III. Massachusetts v. EPA
Massachusetts was the high point in climate change standing. In that case, the state was held to have standing to challenge the Environmental Protection Agency’s (EPA) failure to regulate greenhouse gas emissions from motor vehicles under the Clean Air Act (CAA). Justice John Paul Stevens ruled on behalf of a 5-4 majority of the Court that the state plaintiff in the case satisfied all three elements of the Article III standing test.
Regarding causation, the second element of the Lujan test, EPA did not dispute the existence of a causal connection between greenhouse gas emissions and global warming, but instead argued that its decision not to regulate greenhouse gas emissions “contributes so insignificantly to petitioners’ injuries that the Agency cannot be haled into federal court to answer for them.” The Court responded that even small steps—“incremental steps”—of improvement are legally justifiable.”
Regarding redressability, the third element of the standing test, the Court found that regulating motor-vehicle emissions would have an appreciable impact on global warming.
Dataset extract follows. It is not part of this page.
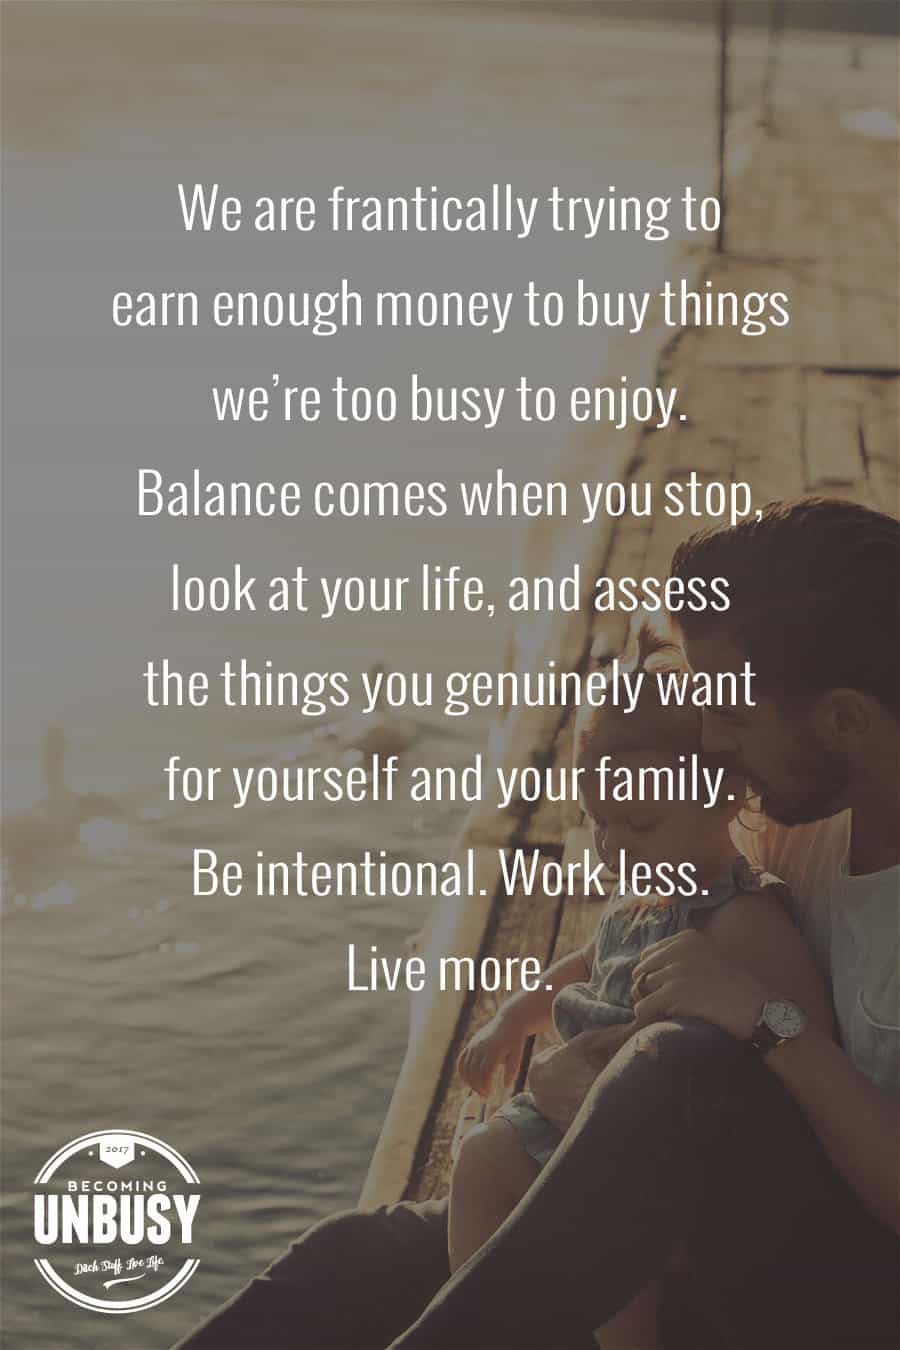 We are frantically trying to earn enough money to buy things we're too busy to enjoy. Balance comes when you stop, look at your life, and assess the things you genuinely want for yourself and your family. Be intentional. Work less. -- 10 inspirational quotes about life that will help you focus on what's important #quotes #lifequotes #inspirationalquotes *Loving this collection of life quotes!

The Court noted that the U.S. transportation sector emitted 1.7 billion metric tons of carbon dioxide into the atmosphere in 1999, accounting for more than 6 percent of worldwide carbon dioxide emissions. “Judged by any standard, U.S. motor-vehicle emissions make a meaningful contribution to greenhouse gas concentrations,” opined the Court, and thus satisfied the redressability element.
Notwithstanding Massachusetts, the clear trend in recent climate change litigation has been to deny standing, typically based on causation and redressability inadequacies. Washington Environmental Council v. Bellon is representative of these recent cases.
IV. Washington Environmental Council v. Bellon
In WEC, two environmental organizations, Washington Environmental Council and the Sierra Club, brought a CAA citizens suit seeking to force three Washington state agencies to regulate GHG emissions from oil refineries. In 2008, GHG emissions from state oil refineries made up 5.9% of the total greenhouse gas emissions in Washington. Their claim was that defendants had a duty to establish emissions limits, called “reasonably available control technology” (RACT), for greenhouse gases and apply those limits to the state’s five oil refineries.
Washington state oil refinery
The U.S. District Court for the Western District of Washington sided with the plaintiffs and ordered the agencies to finish the RACT process for the refineries by May 2014. Intervening on behalf of the agencies was Western States Petroleum Association (WSPA), who brought the appeal to the Ninth Circuit, arguing that the case should have been dismissed for lack of standing. The appellate court agreed with WSPA and vacated the lower court’s ruling.
Attempting to establish standing, the environmental groups declared that members suffered various injuries from climate change caused by increases in GHGs, including reduced ability to enjoy skiing and snowshoeing and economic losses from affected ranching interests and property damage. The Ninth Circuit found the first element of the standing test—injury—to be satisfied, but not the causation element. The court found the connection between emissions at defendants’ oil refineries and plaintiffs’ injuries to be too attenuated to meet the causality requirement for Article III standing. For example, one of the members asserted that “[t]he failure of the clean air agencies to require [RACT] that can result in reductions to greenhouse gas emissions at the oil refineries has harmed me, and other WEC members, by failing to reduce and control air pollutant emissions that cause or contribute to climate change and its negative impacts on my property, my health, and my way of life.” Another declared that “the failure of the Agencies to take the actions described . . . will result in additional greenhouse gas emissions in Washington State that will exacerbate changes to the regional and global climates.” The court found these declarations to be “only vague, conclusory statements,” which lacked a solid evidentiary basis.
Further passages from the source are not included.